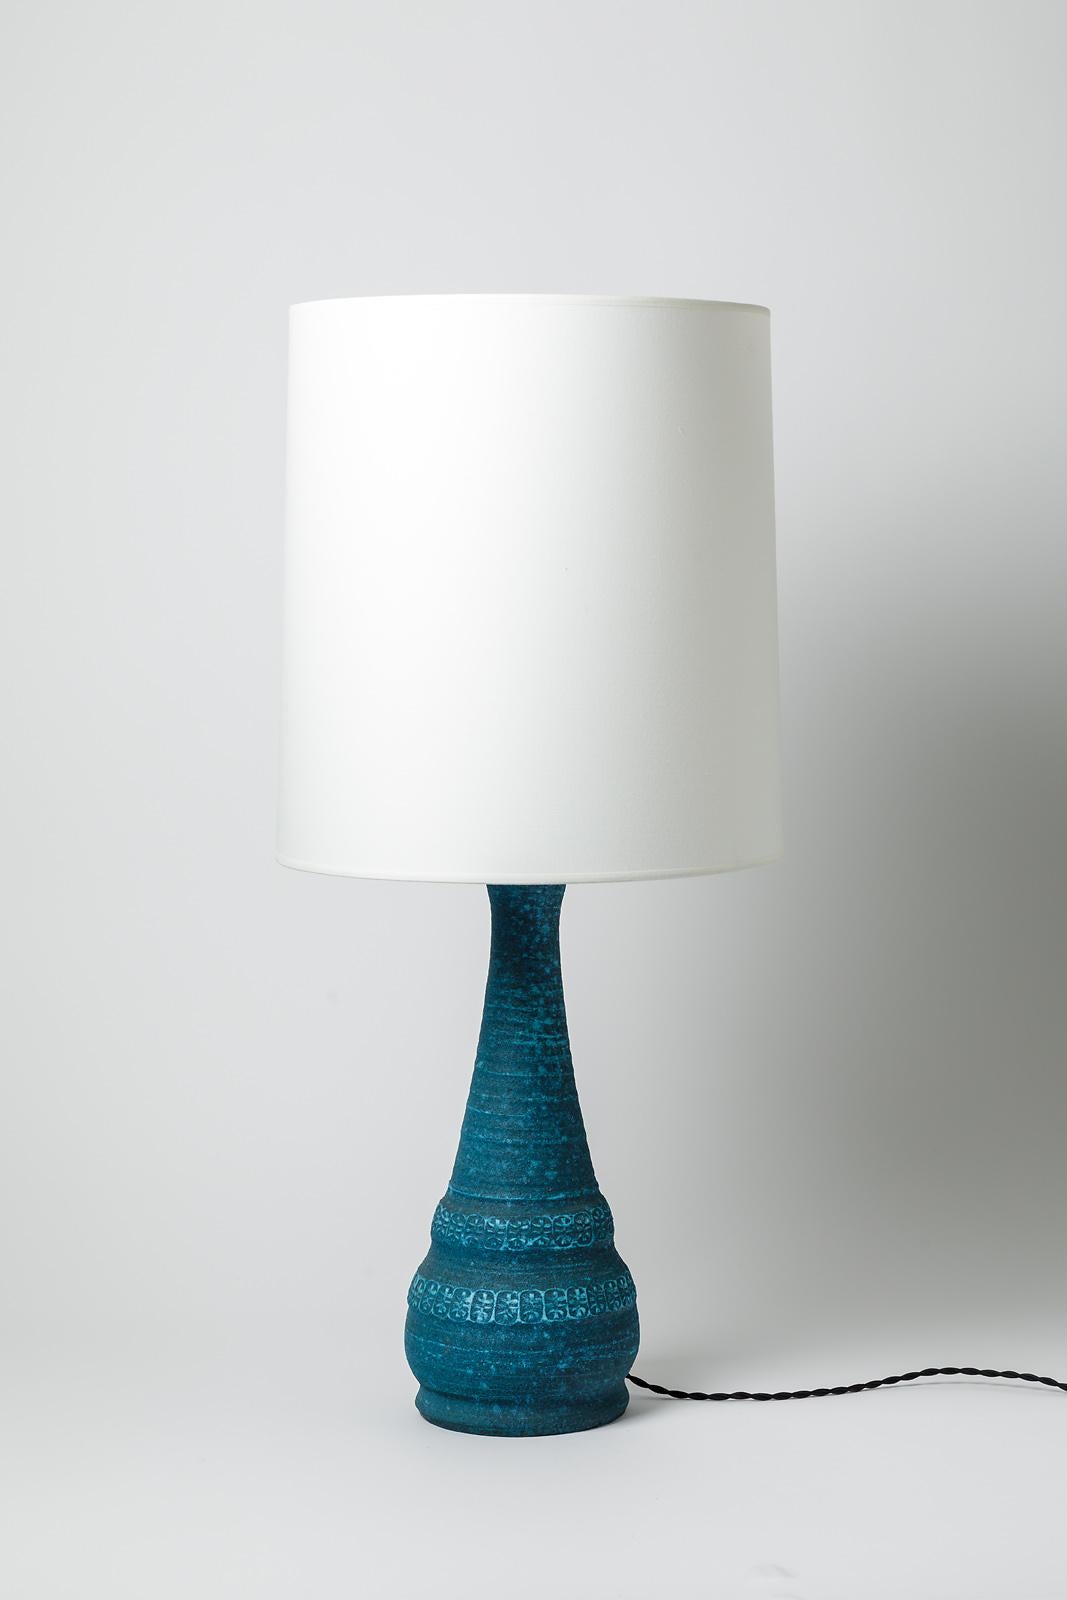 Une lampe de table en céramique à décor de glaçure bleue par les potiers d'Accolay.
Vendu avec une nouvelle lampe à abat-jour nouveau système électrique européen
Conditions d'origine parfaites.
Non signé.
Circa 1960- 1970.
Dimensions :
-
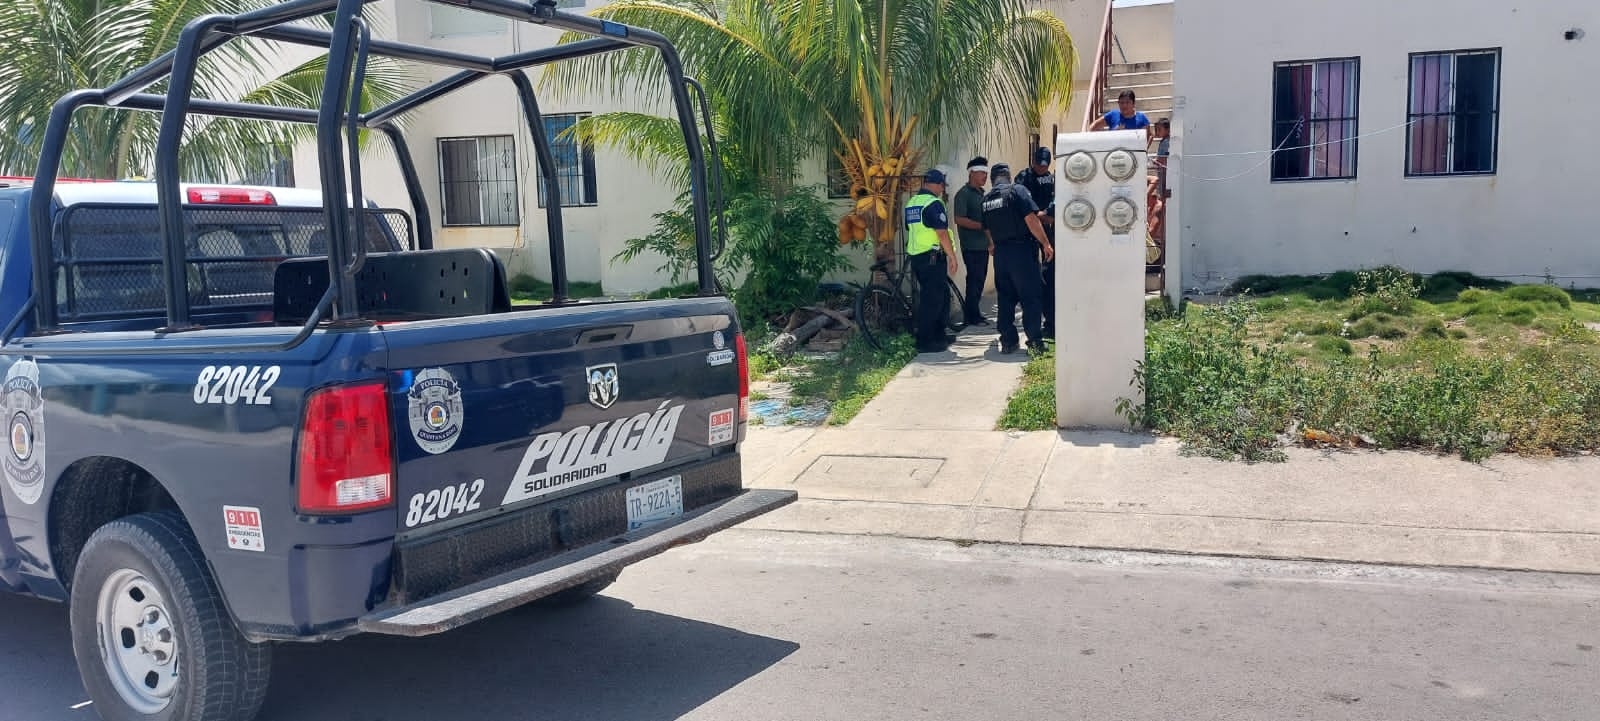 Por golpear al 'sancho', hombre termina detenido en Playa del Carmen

*Task brief*. The lines from the one containing "Conditions d'origine parfaites." through the final line of the data are to be repeated exactly, with both ends included and all pictures left out.

*Your solution*.
Conditions d'origine parfaites.
Non signé.
Circa 1960- 1970.
Dimensions :
-
 Por golpear al 'sancho', hombre termina detenido en Playa del Carmen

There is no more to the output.